- _Required work_
Drop the images, then output the listing exactly.

- _Information supplied_
++++++

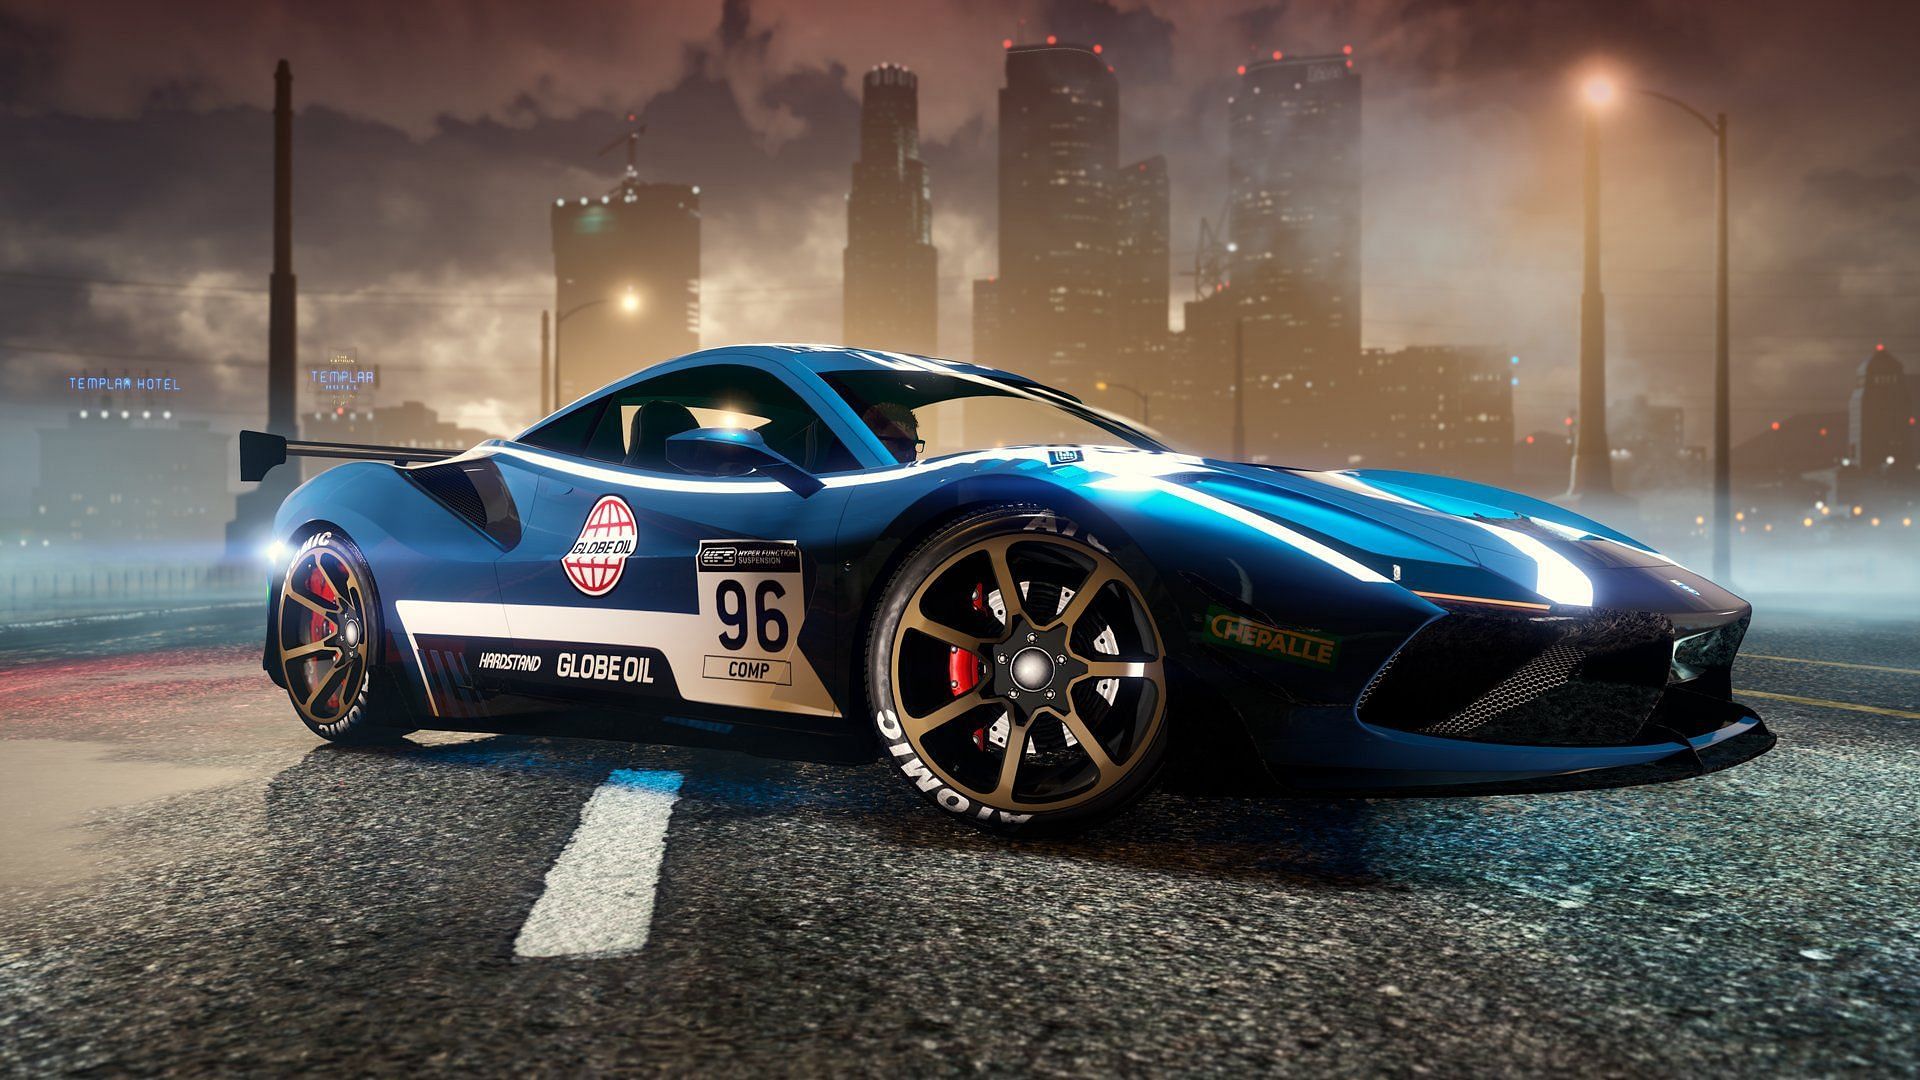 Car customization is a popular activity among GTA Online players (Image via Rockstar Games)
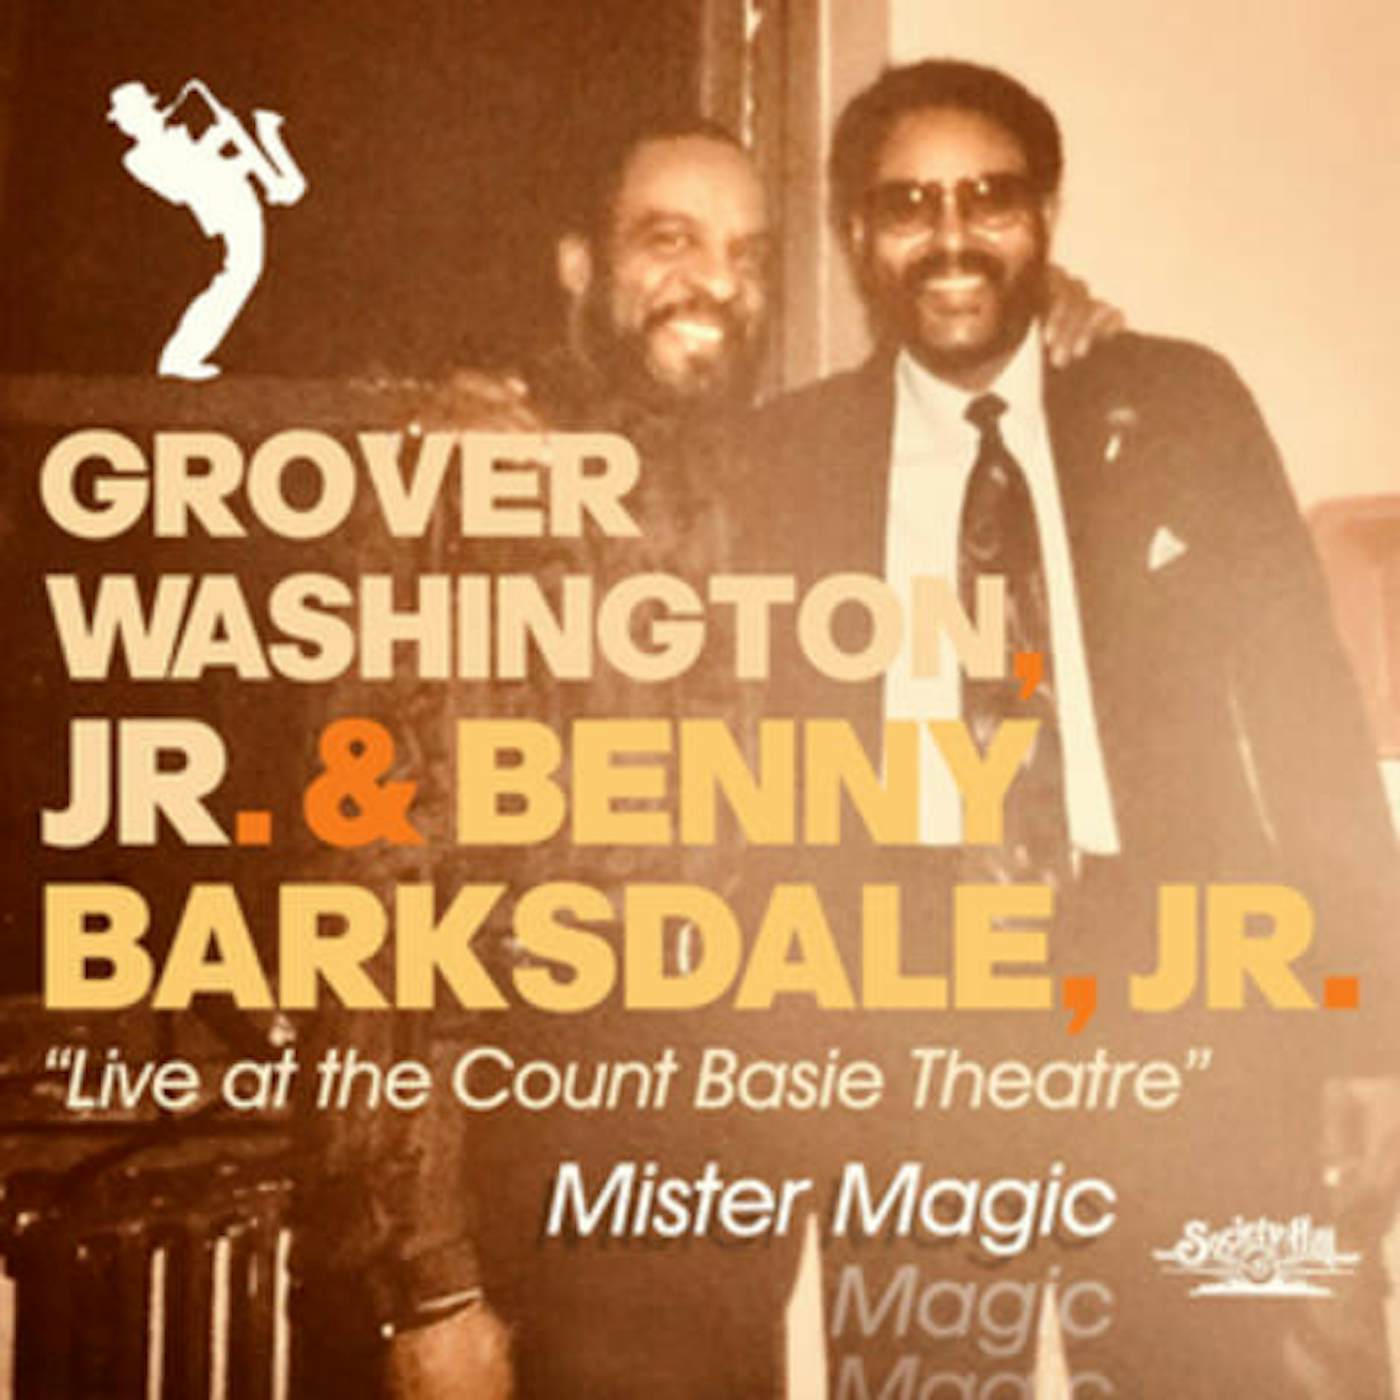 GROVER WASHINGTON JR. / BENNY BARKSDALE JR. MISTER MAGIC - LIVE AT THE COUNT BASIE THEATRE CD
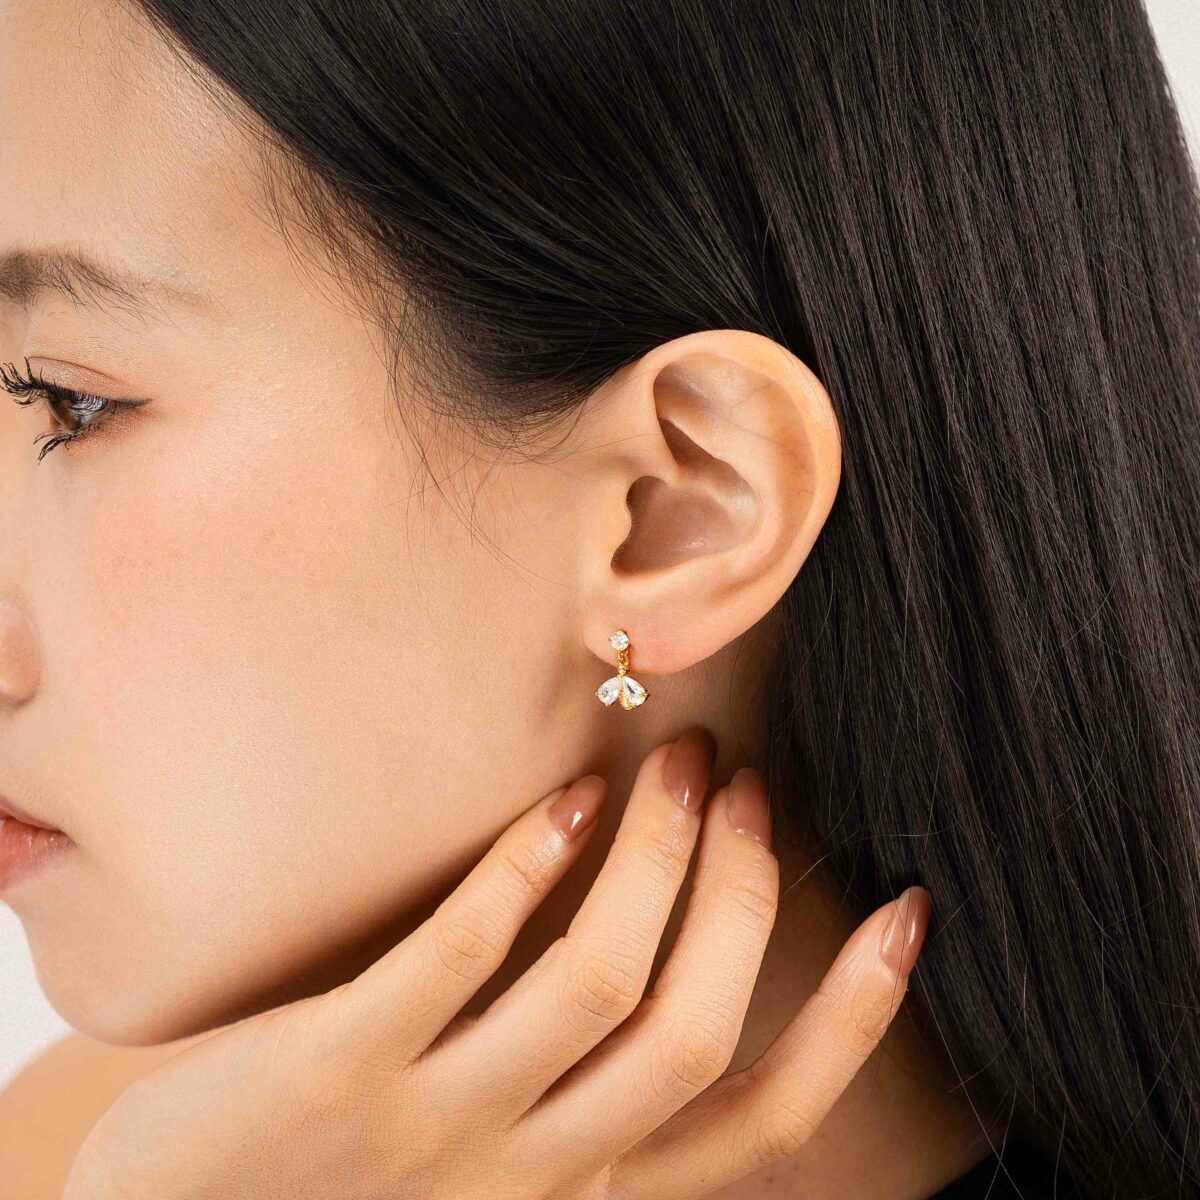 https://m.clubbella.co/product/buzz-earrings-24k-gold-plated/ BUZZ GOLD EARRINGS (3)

++++++

- _Exercise solution_
 Car customization is a popular activity among GTA Online players (Image via Rockstar Games)
 GROVER WASHINGTON JR. / BENNY BARKSDALE JR. MISTER MAGIC - LIVE AT THE COUNT BASIE THEATRE CD
 https://m.clubbella.co/product/buzz-earrings-24k-gold-plated/ BUZZ GOLD EARRINGS (3)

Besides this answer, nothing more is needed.